The development of molecular tools allowed to shed light on several widespread genetic mechanisms aiming at limiting the effect of the molecular damages on bacterial survival. For some bacterial taxa, the genetic toolbox is scarce and limits the possibilities to investigate the molecular basis of their stress response. In that case, an alternative strategy is to study genetic variants of a strain under stress conditions. The comparative study of the genetic determinants responsible for their phenotypes, e. g. an improved tolerance to stress, offers precious clues on the molecular mechanisms effective in this bacterial taxon. We applied this approach and isolated two heat-shock tolerant strains derived from Bifidobacterium longum NCC2705. A global analysis of their transcriptomes revealed that in both strains the dnaK operon and the clpB gene were over-expressed.
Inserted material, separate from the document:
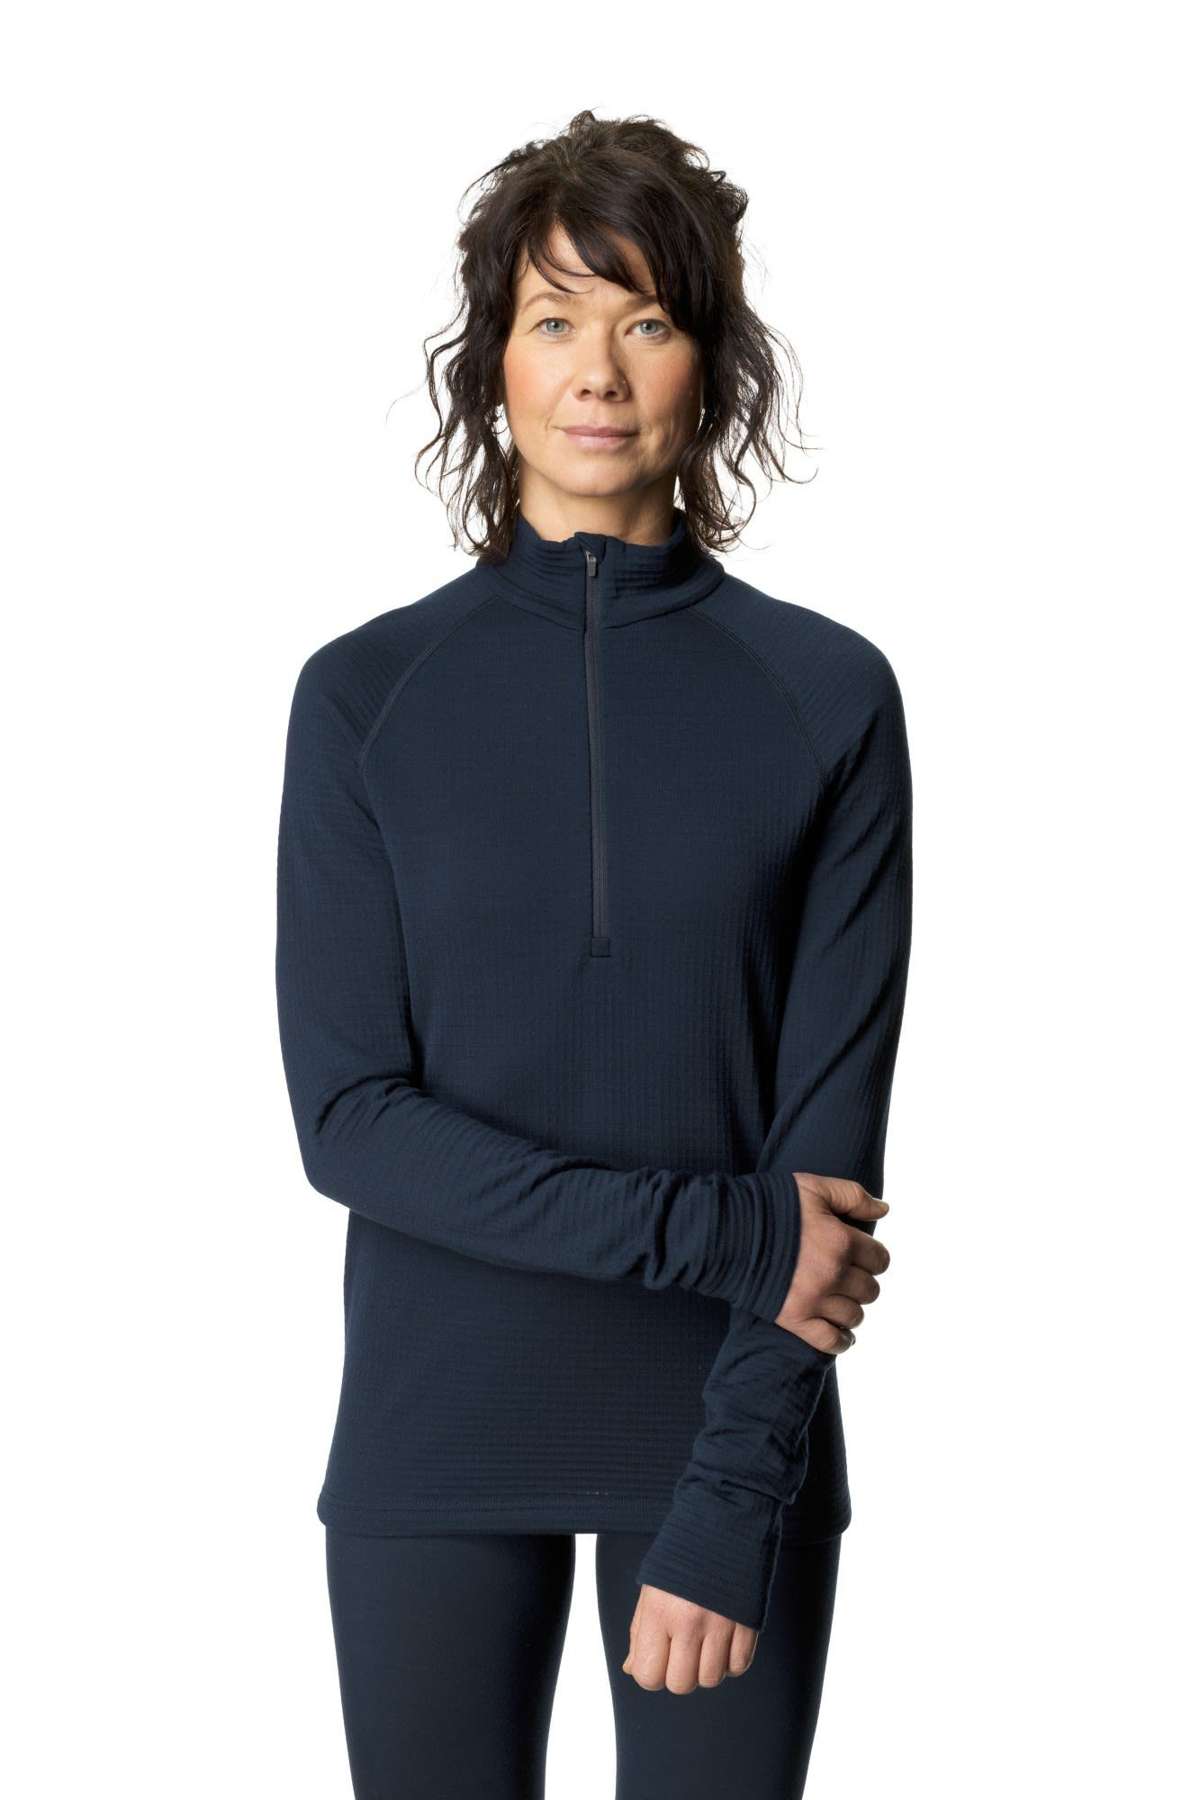 Флисовый пуловер W Desoli Thermal, женский свитер с молнией до половины длины

We sequenced the hspR gene coding for the negative regulator of dnaK and clpB, and found point mutations affecting protein domains likely responsible for the binding of the regulators to the promoter DNA. Complementation of the mutant strains by the wt regulator hspR restored its heat-sensitivity and thus demonstrated that these mutations were responsible for the observed heat-tolerance phenotype.
Copyright (c) 2009, American Society for Microbiology and/or the Listed Authors/Institutions. All Rights Reserved.
HspR Mutations Are Naturally Selected in Bifidobacterium longum When Applying Successive Heat-Shock Treatments.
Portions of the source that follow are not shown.